Николай Артемьевич сел за столик в гостиной и начал барабанить по нему пальцами так, что стоящие на нем безделки задребезжали. Это было у него приметой сильного гнева. В такие минуты лицо его делалось злым, как у покойного императора. Сходство увеличивалось тем, что он даже становился более, чем обычно, курнос.

При этом генерал кричал так громко, что слуги спешили попрятаться по углам. Правда, за шесть лет супружеской жизни я никогда не испытывала подобных проявлений генеральского гнева на себе. И на этот раз муж сделал усилие удержаться.

— Как же вы могли пренебречь моей просьбой? — более горестно, нежели гневно сказал он.

Действительно, Николай Артемьевич просил меня не вести переписку с Наташей. Но ведь Наташа самая задушевная, самая близкая моя подруга, подруга детства.

Я не стала писать ей, пока она находилась в Петербурге. Но вот узнаю, что она последовала за несчастным мужем своим в Читу, а затем в Петровский завод. Имела ли я право не написать ей? Разве это не было бы поступком бесчестным, даже предательским. Неужели Николай Артемьевич не постигает этого?

Конечно, напрасно я не сообщила мужу заранее. И вот я вижу в его руках Наташин ответ.

— Как же вы могли? — повторил он.

Я молчала.

И это мое молчание было, видимо, для генеральского гнева, как сухой хворост для костра.

— Ежели для вас ничего не означает запрет супруга, то у вас у самой должна быть хотя бы нормальная брезгливость к этим людям.

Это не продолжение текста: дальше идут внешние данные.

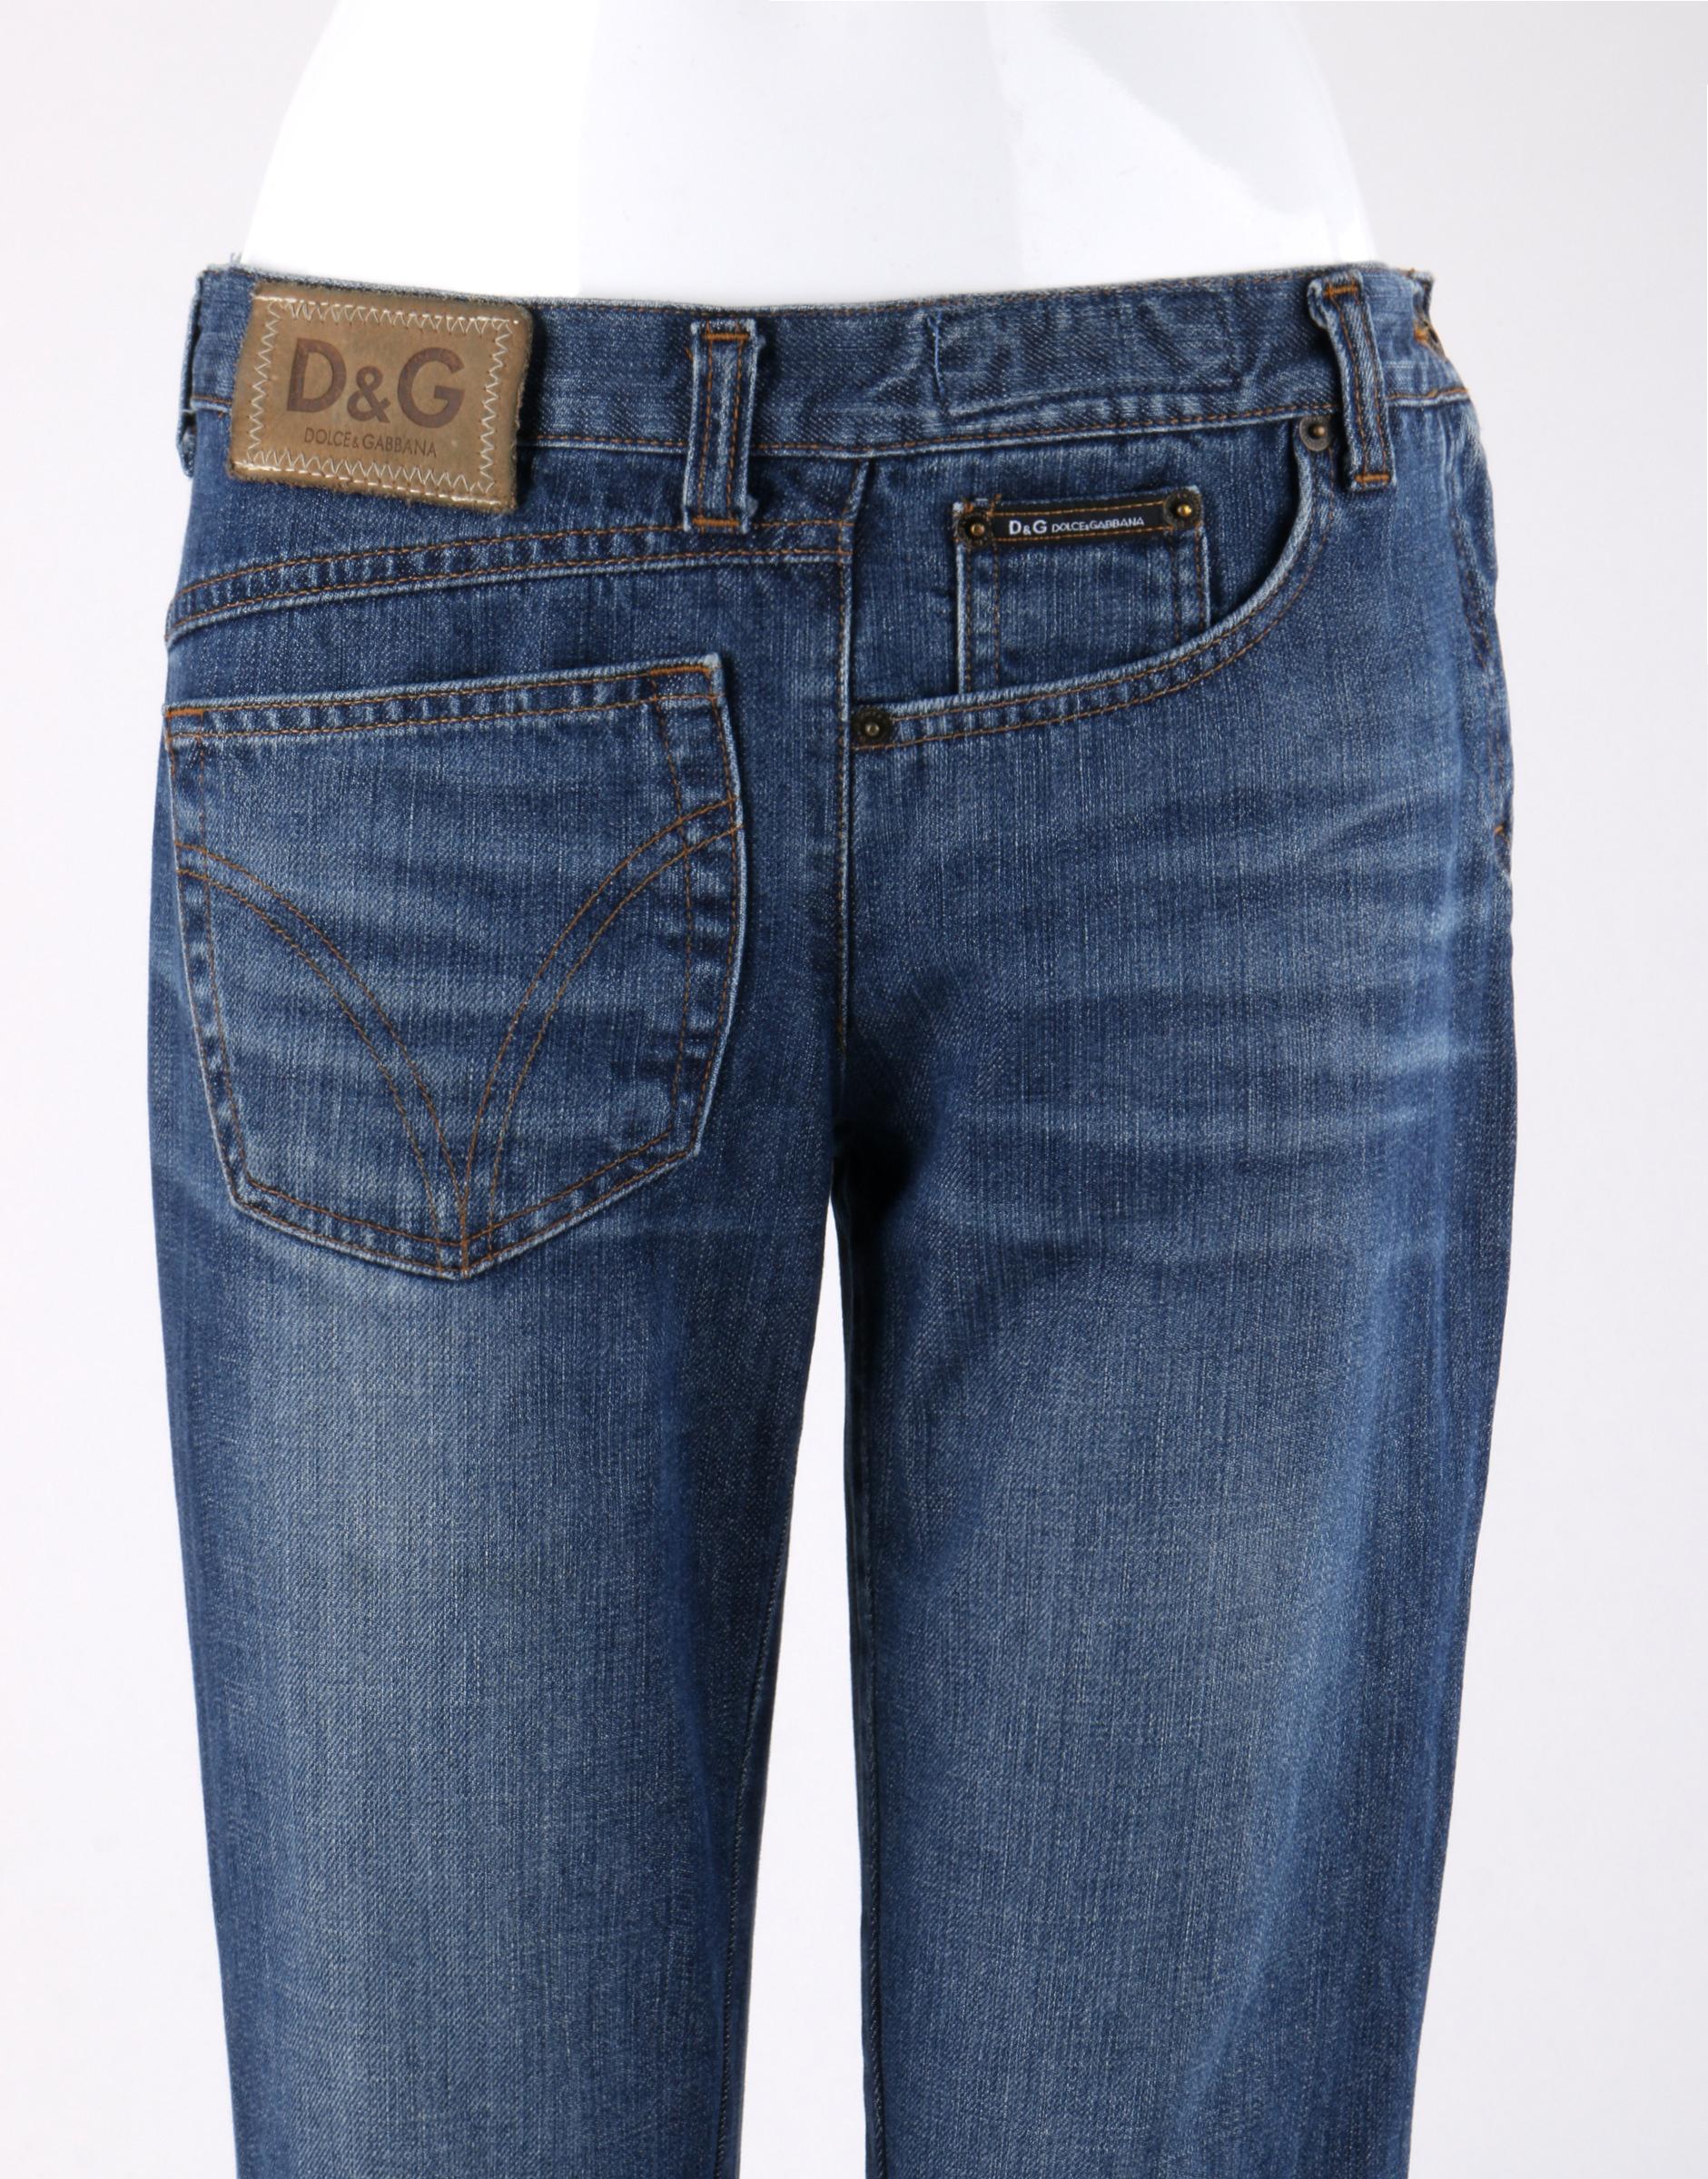 DOLCE & GABBANA c.2000's Five Pocket Sideways Avant Garde Straight Leg Jeans

Circa: Early 2000's  
Brand / Manufacturer: Dolce & Gabbana
Designer: Dominico Dolce & Stefan Gabbana
Style: Straight leg jeans
Color(s): Shades of blue (body); gold

Нормальная брезгливость! Давно ли муж гордился моей дружбой с Фонвизиными, и когда я ленилась написать Наташе, даже пенял мне за это. Как же! Тогда муж Наташи был прославленным генералом, участником Аустерлица, героем войны Отечественной, адъютантом и любимцем самого Ермолова. К тому же богач, хлебосол, влиятельнейший человек.